(WEEK) - Former Central Illinois Congressman Ray LaHood concealed from authorities that he accepted $50,000 in foreign money while serving as Secretary of Transportation in the Obama Administration, the U.S. Department of Justice reported Wednesday.
A Federal Election Commission document shows LaHood received the money from a man who contributed in 2015 to the campaign of LaHood's son and current Congressman Darin LaHood.
In a news release announcing a broader violation to U.S. election laws, the Justice Department said LaHood, 75, resolved a federal criminal investigation by paying a $40,000 fine, he agreed to cooperate with the investigation, and repaid $50,000 he received from Toufic Joseph Baaklini.
Baaklini, 58, was said to be an associate of Lebanese-Nigerian billionaire Gilbert Chagoury, who entered into a deferred prosecution agreement by paying a $1.8 million fine for violating campaign finance laws.

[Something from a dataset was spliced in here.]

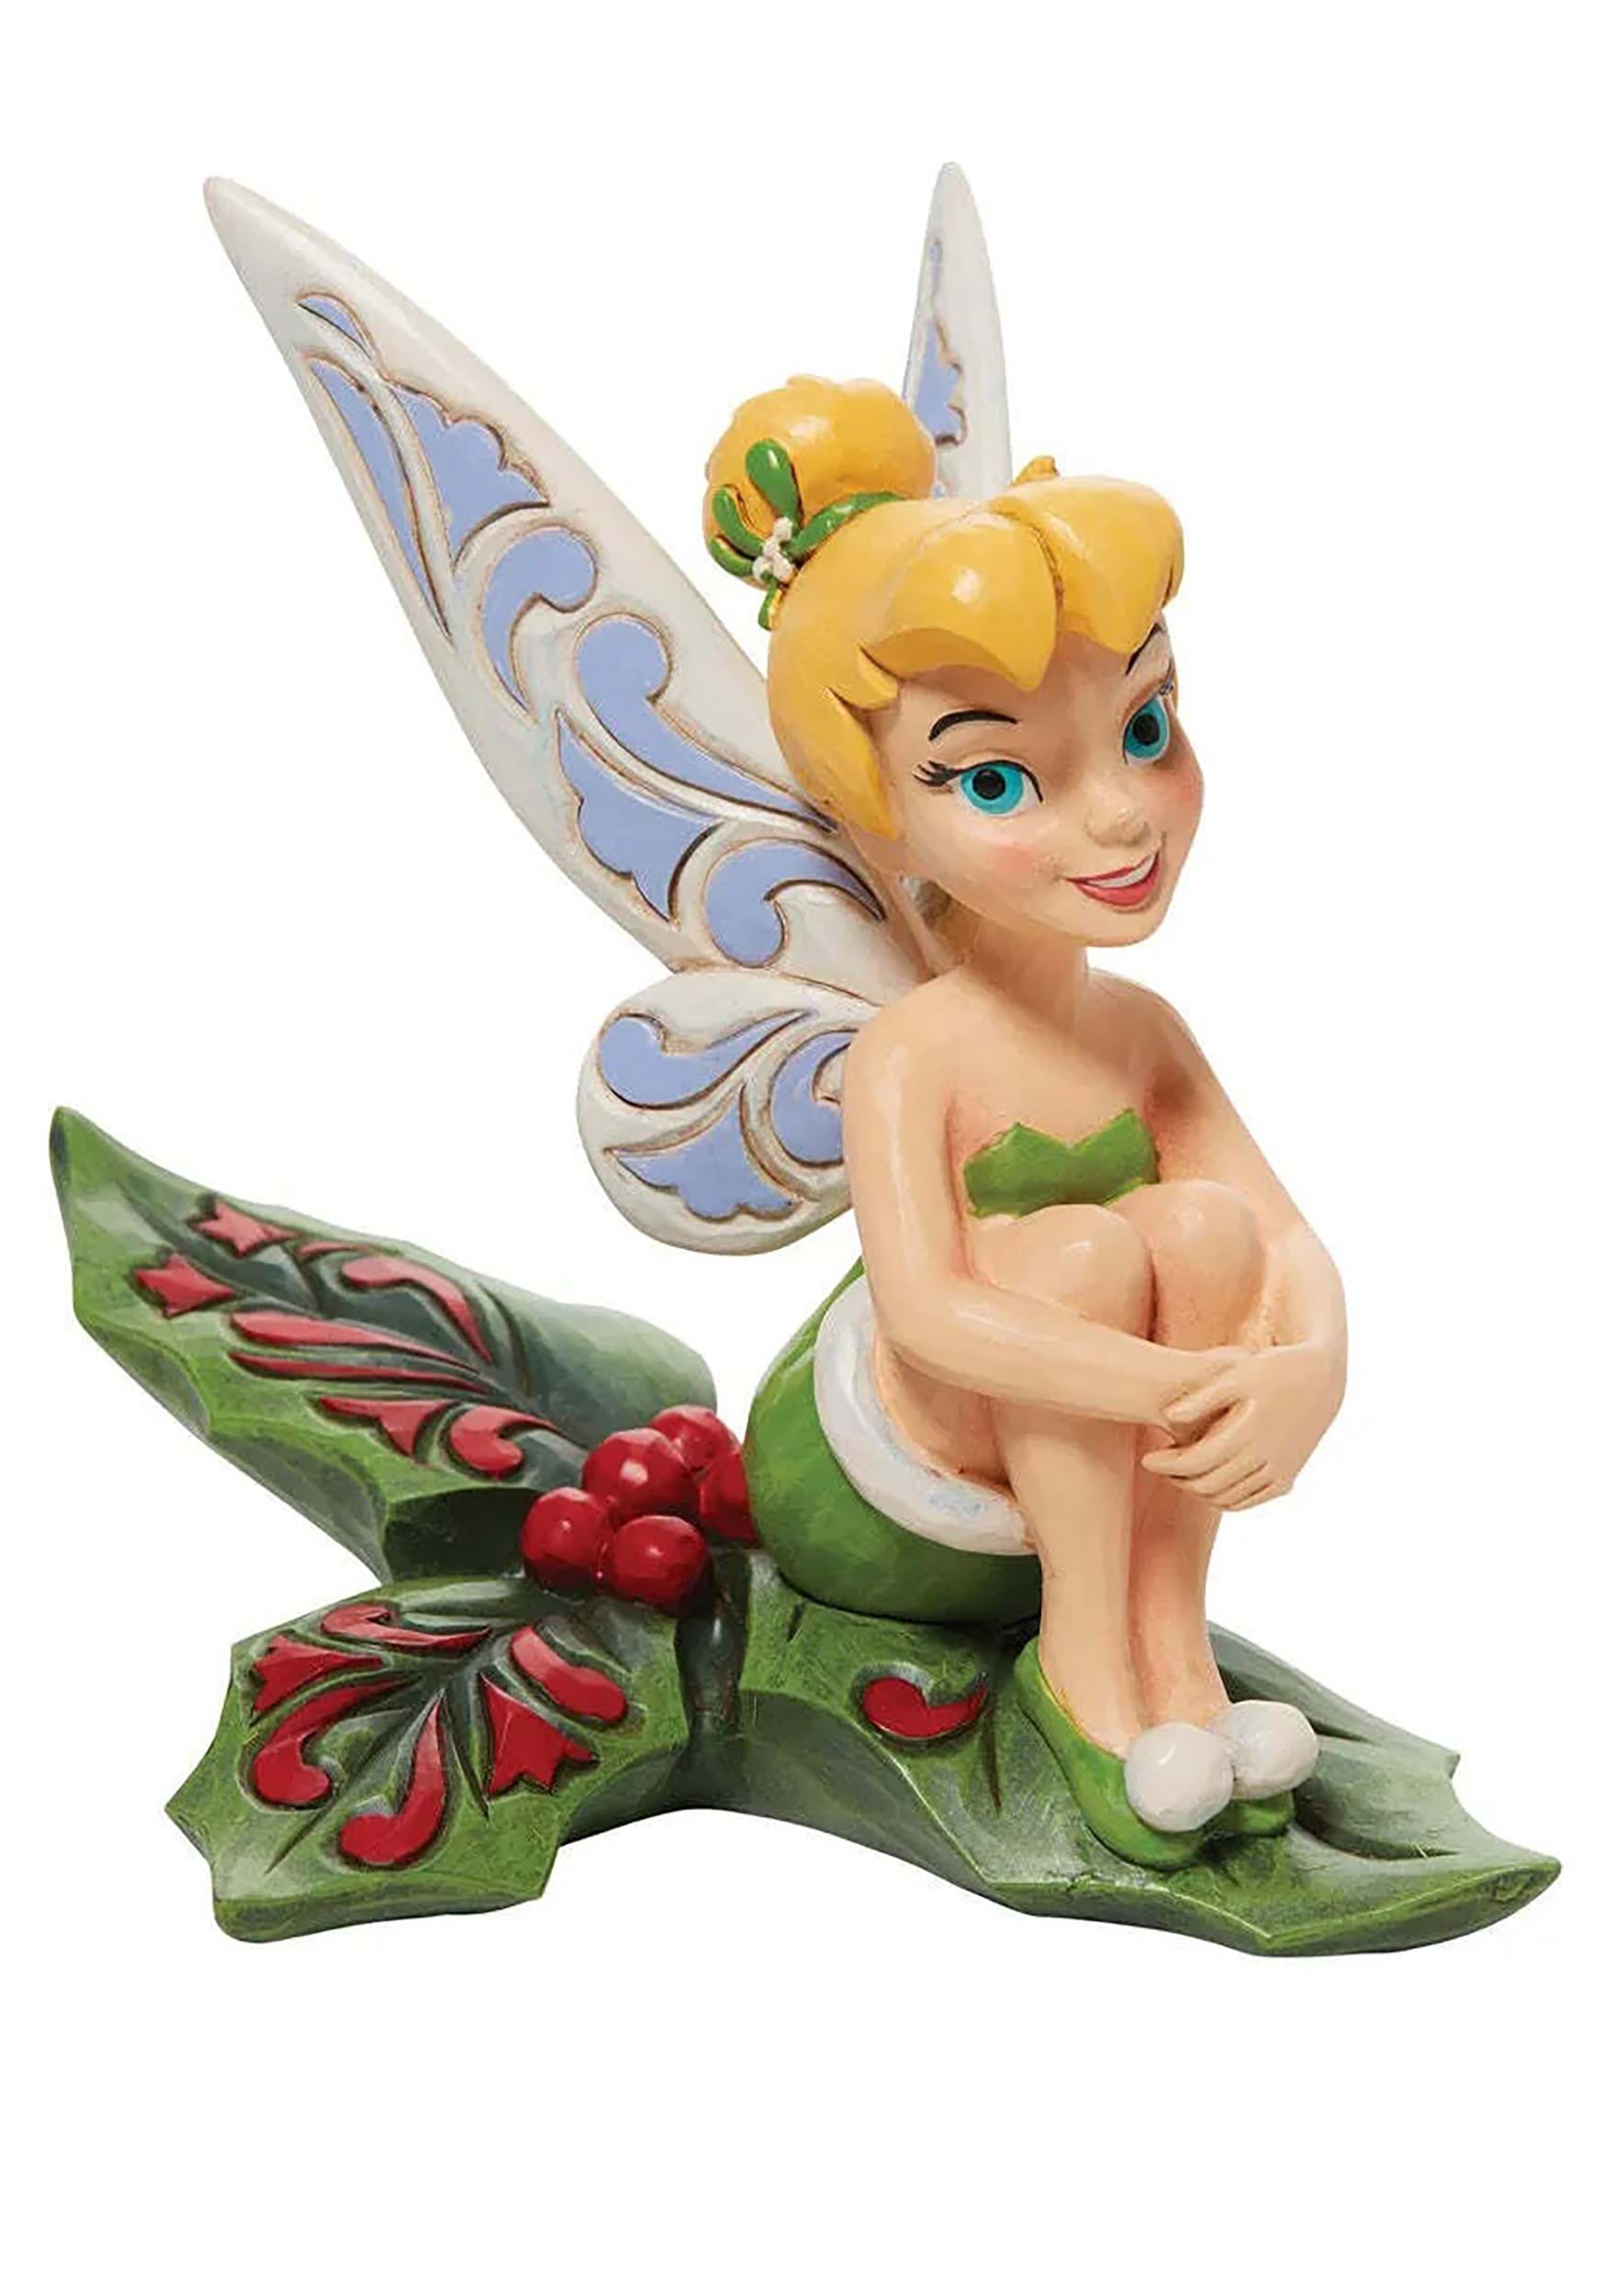 Jim Shore Tinker Bell Sitting on Holly Figure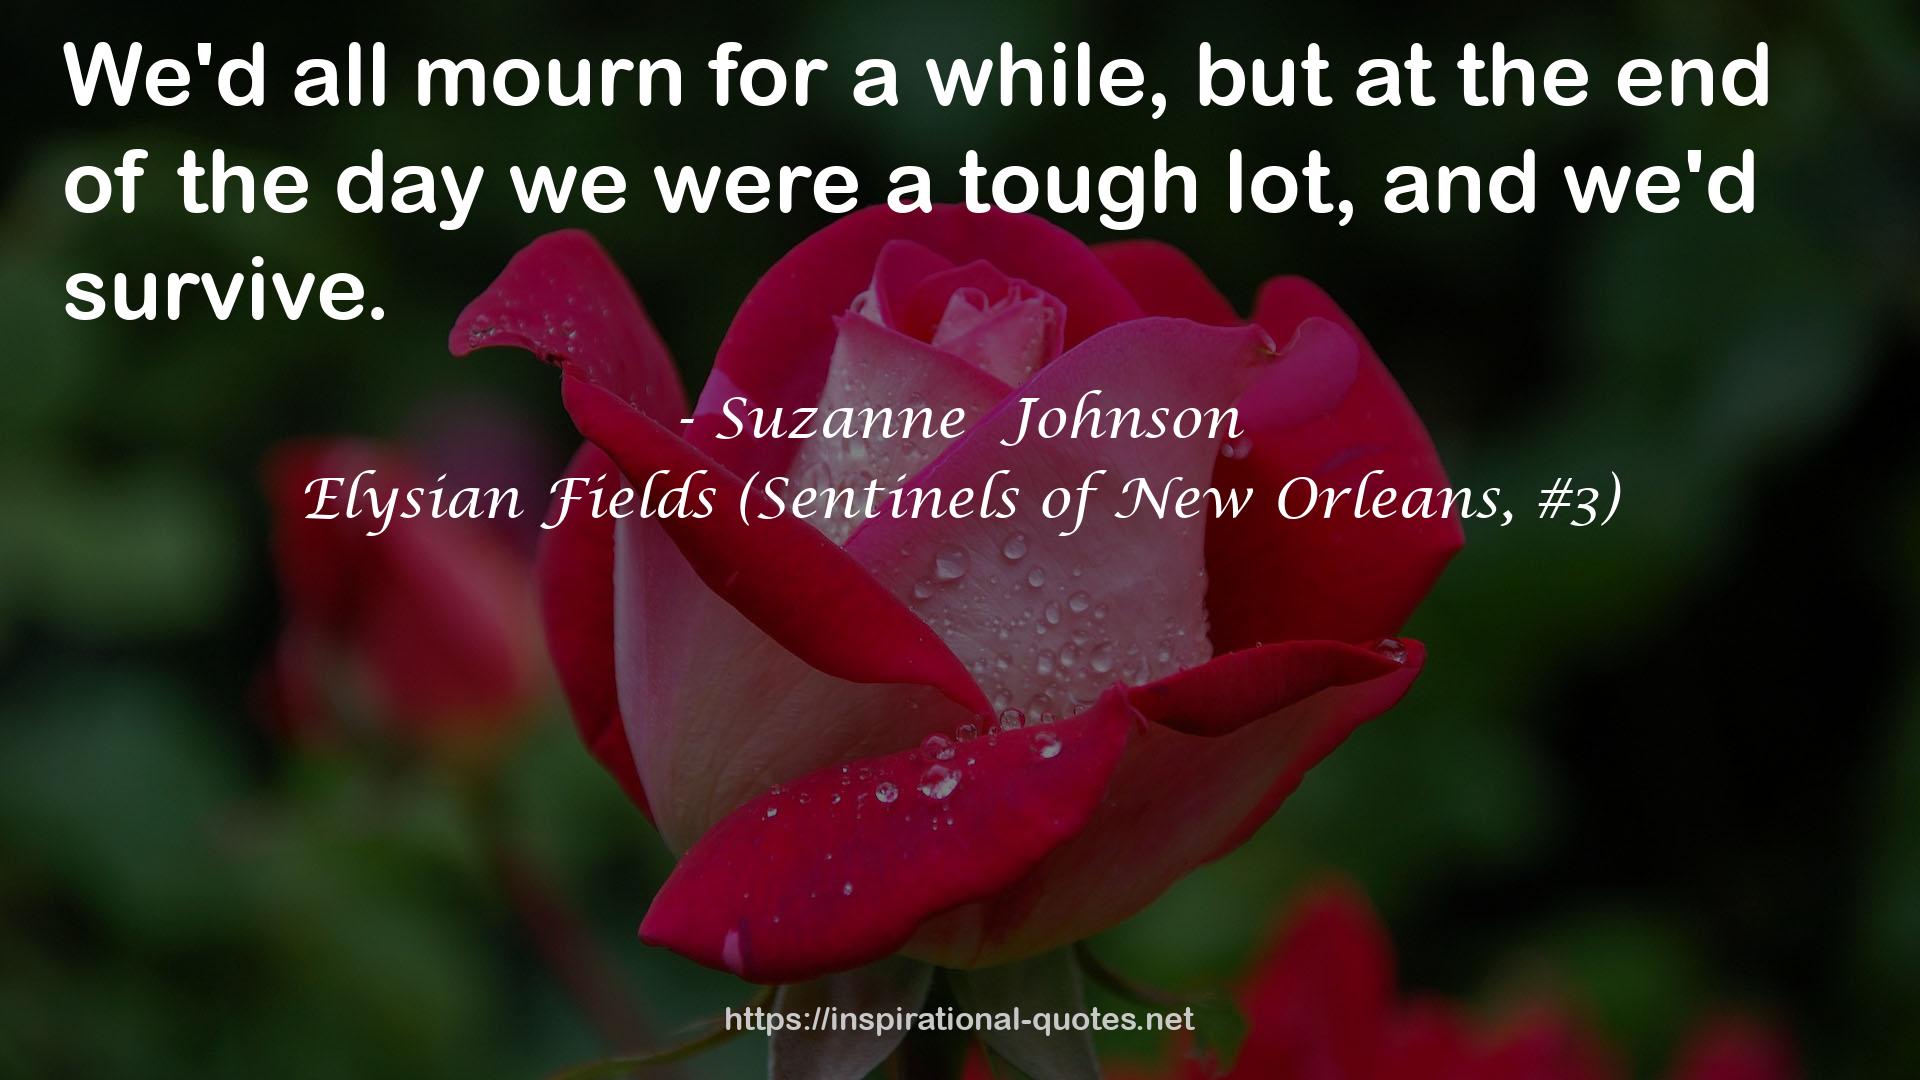 Elysian Fields (Sentinels of New Orleans, #3) QUOTES

It's alleged Chagoury, 75, provided approximately $180,000 that was used to make contributions to four federal political candidates in U.S. elections, but the candidates' names were not included in the news release.
Chagoury, as a foreign national, was prohibited from contributing to any U.S. elections.
The Justice Department said LaHood received $50,000 from Baaklini in June 2012 when the former lawmaker was U.S. Transportation Secretary.
LaHood was having financial problems at the time, and admitted that he accepted a check from Baaklini with the word "loan" written on the memo portion on the check. According to the Justice Department, LaHood understood at the time that the money came from Chagoury, but failed to disclose he received the money because he didn't want to be associated with Chagoury.
LaHood also made misleading statements about the check and its source to FBI agents investigating Chagouri.
The news release said Baaklini settled his case with the government by paying a $90,000 fine and agreed to cooperate with the investigation.
Federal Election Commission documents showed Baaklini contributed $2,700 to Darin LaHood's congressional campaign in April 2015.
The Justice Department said the elder LaHood entered into a non-prosecution agreement in 2019, but its details did not become public until Wednesday.